I promise to write in concrete Perl6, instead of Compiler Speak.  Really.
</disclaimer>

In Synopsis 6 version 6, "Value types" section:

    my Dog $spot;
    my $spot returns $dog;
    my $spot of Dog;

    our Animal sub get_pet() {...}
    sub get_pet() returns Animal {...}
    sub get_pet() of Animal {...}

The $dog in the second line is obviously a typo.  Let's ignore it.
The above paragraph implies that these two statements are equivalent:

    my Dog $spot;
    my $spot of Dog;

So we know $spot has a value type of Dog.  But what is its
implementation type?  We turn to the "Implementation types" section:

    my $spot is Scalar;                 # this is the default

Hence, these two statements are equivalent:

    my Dog $spot;
    my $spot of Dog is Scalar;

Now we turn to to "Hierarchical types":

    my Egg @carton;                     # each elem is an Egg

Okay.  So "Egg" is the value type for elements in @carton.  But what
is the implementation type of @carton?

    my @carton of Egg is Scalar;        # is @carton Scalar?
    my @carton of Egg is Array;         # is @carton Array?

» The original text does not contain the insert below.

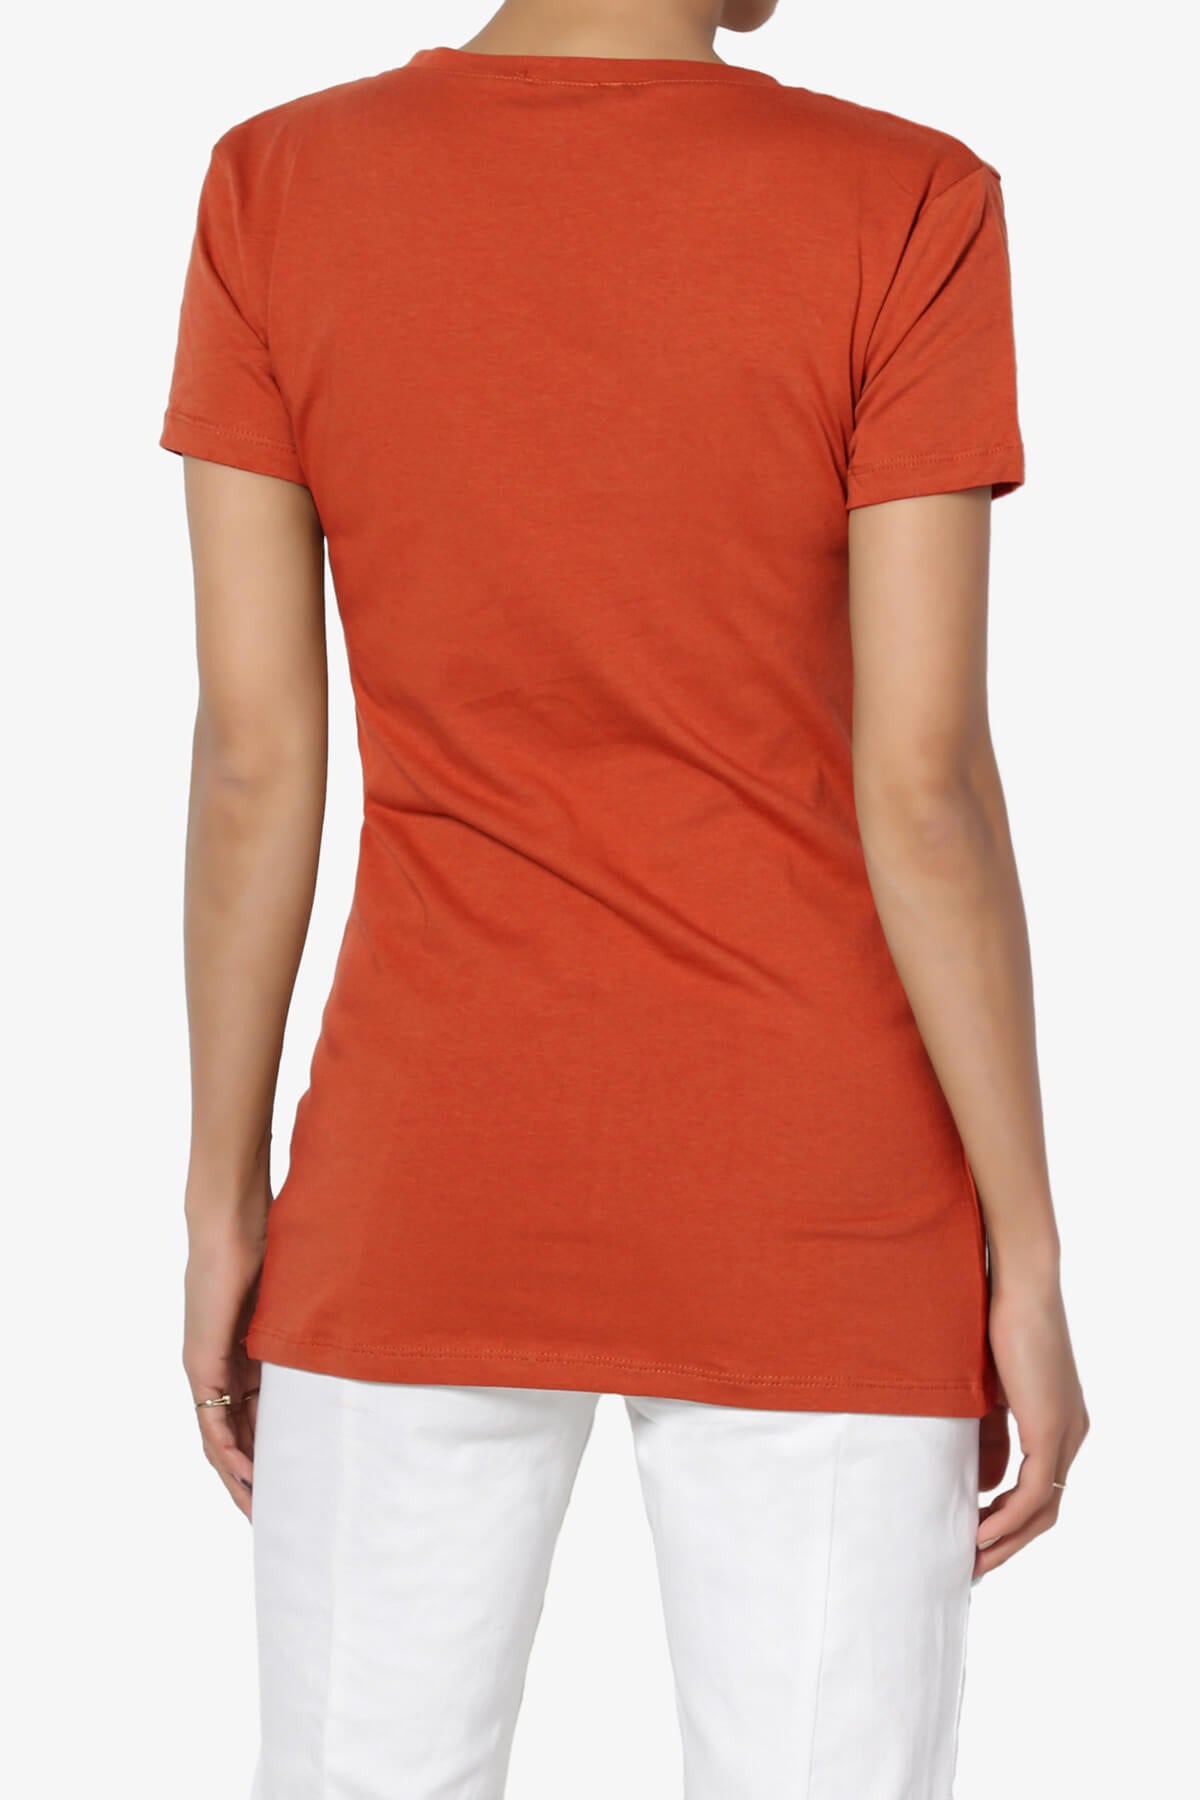 Candela V-Neck Short Sleeve T-Shirts COPPER_2

S06 does not cover this point, which leads to a very bad case of
ambiguity.  Below I will show that both interpretation are troublesome.

Let's take the first one first, because it is what S06 seems to imply,
although it is against Perl5's tie() intuition:

    my @carton is Scalar;               # assuming this is the default

Now @carton implements the same set of behaviour as $spot.  It
essentially means that every variable is a scalar variable, and
the only different of @carton vs $spot is that @carton applies
list context to its right hand side in assignment and binding,
while $spot applies scalar context.

It also means that:

    tie($spot, PersistentScalar);
    tie(@carton, PersistentScalar);

are both valid and means essentially the same thing.  Extending
this metaphor, we see that:

    tie($spot,   SDBM_File, :file<foo>);
    tie(@carton, SDBM_File, :file<foo>);
    tie(%dbm,    SDBM_File, :file<foo>);

Needs to have the same semantic.  Here my intuition stops short; I cannot
fathom how the three lines above "means" the same thing.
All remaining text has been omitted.